# New 2x9 cranks soon?



## duke of kent (Jan 30, 2008)

Is anyone besides FSA going to be bringing a new, mass produced 2x9 crank to the market soon?

Particularly, anyone know if SRAM or Bontrager are going to be offering up a nice set of 2x9s in 2009? I've determined that a 26t run on the little ring position would grind my chainstay, as would a 40t run on the middle position.

Also, my knees are disliking the wide q-factor with the crappy stock cranks that came with my bike. They weigh 950g with BB, so if I can get a system at 750g +/- I'd be very happy.

Edit: I would prefer that they be either SRAM or Bontrager products, as my team is sponsored by those two companies this year.


----------



## Tiffster (Jan 30, 2008)

Well Sram will be bring out a 2x10 crank but it should be OK with 9spd


----------



## duke of kent (Jan 30, 2008)

Tiffster said:


> Well Sram will be bring out a 2x10 crank but it should be OK with 9spd


Yes, but when?

Fall 2009, as a 2010 model, is a bit too far down the line.


----------



## Hardtailforever (Feb 11, 2004)

It's not the lightest in the universe, but Stronglight makes a double mtb crank.
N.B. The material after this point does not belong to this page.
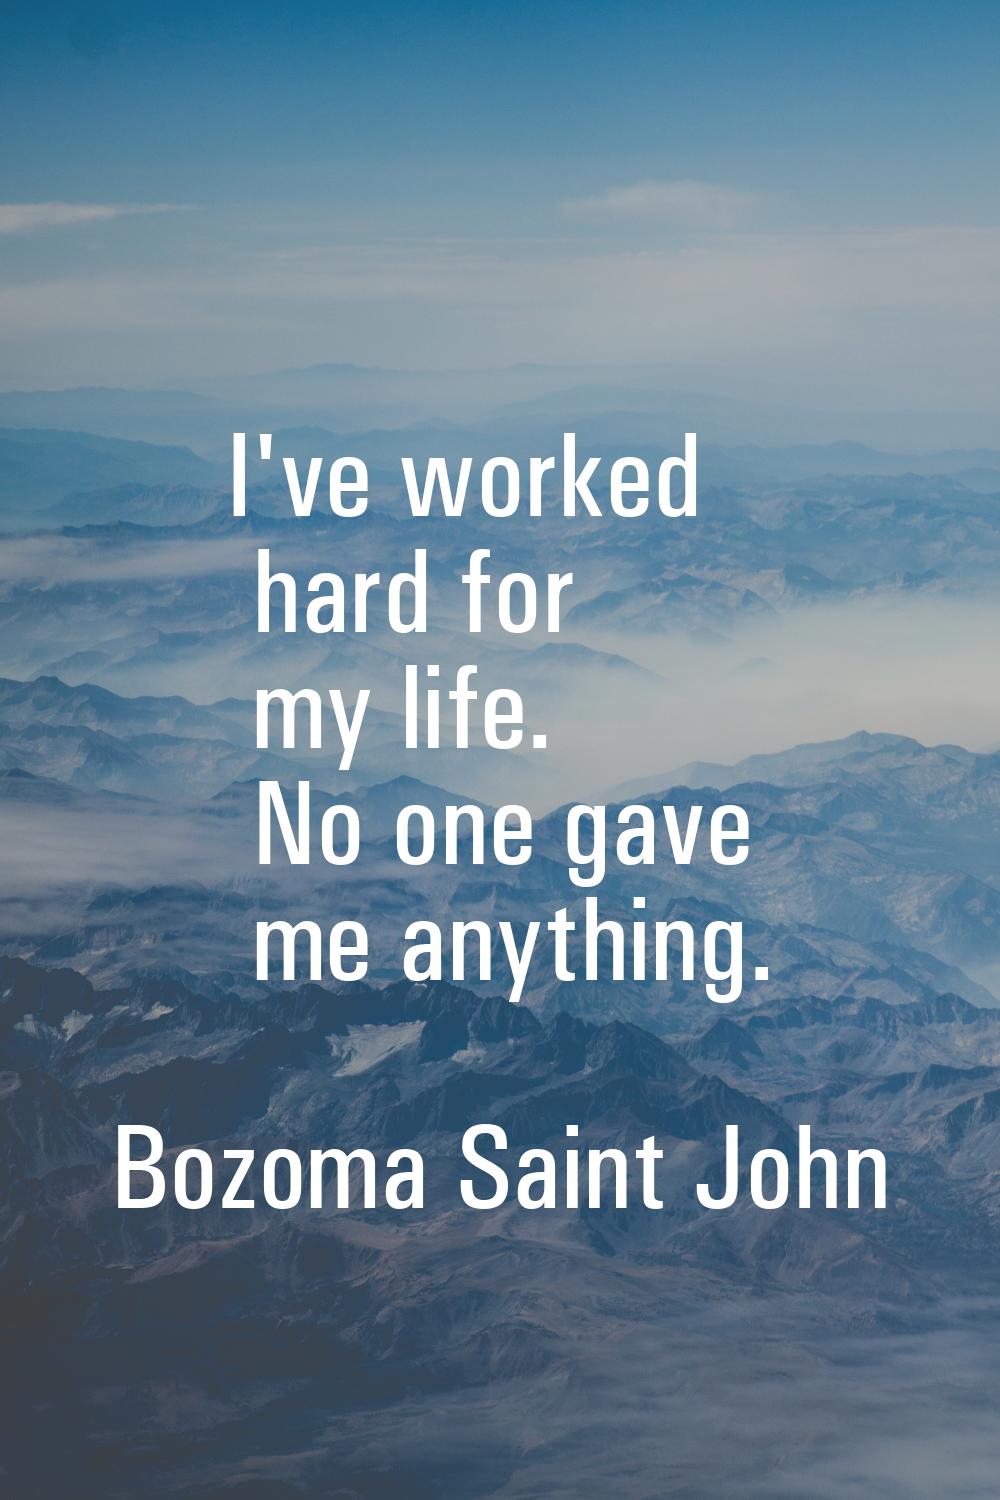 I've worked hard for my life. No one gave me anything.

And if you can find it on ebay or something, Bontrager used to put out an ISIS double (made by Stronglight). It was pretty light, and if you paired it with a Crank Bro's bb you'd probably have passable durability as long as you try and stay out of the mud.


----------



## Tiffster (Jan 30, 2008)

Yeah it wont be till the end of 2009 earliest.

Bear in mind the FSA 2x9 crank has a custom BCD - so replacement rings are only available from FSA.


----------



## nino (Jan 13, 2004)

*little modification...*



duke of kent said:


> Is anyone besides FSA going to be bringing a new, mass produced 2x9 crank to the market soon?
> 
> Particularly, anyone know if SRAM or Bontrager are going to be offering up a nice set of 2x9s in 2009? I've determined that a 26t run on the little ring position would grind my chainstay, as would a 40t run on the middle position.
> 
> Also, my knees are disliking the wide q-factor with the crappy stock cranks that came with my bike. They weigh 950g with BB, so if I can get a system at 750g +/- I'd be very happy.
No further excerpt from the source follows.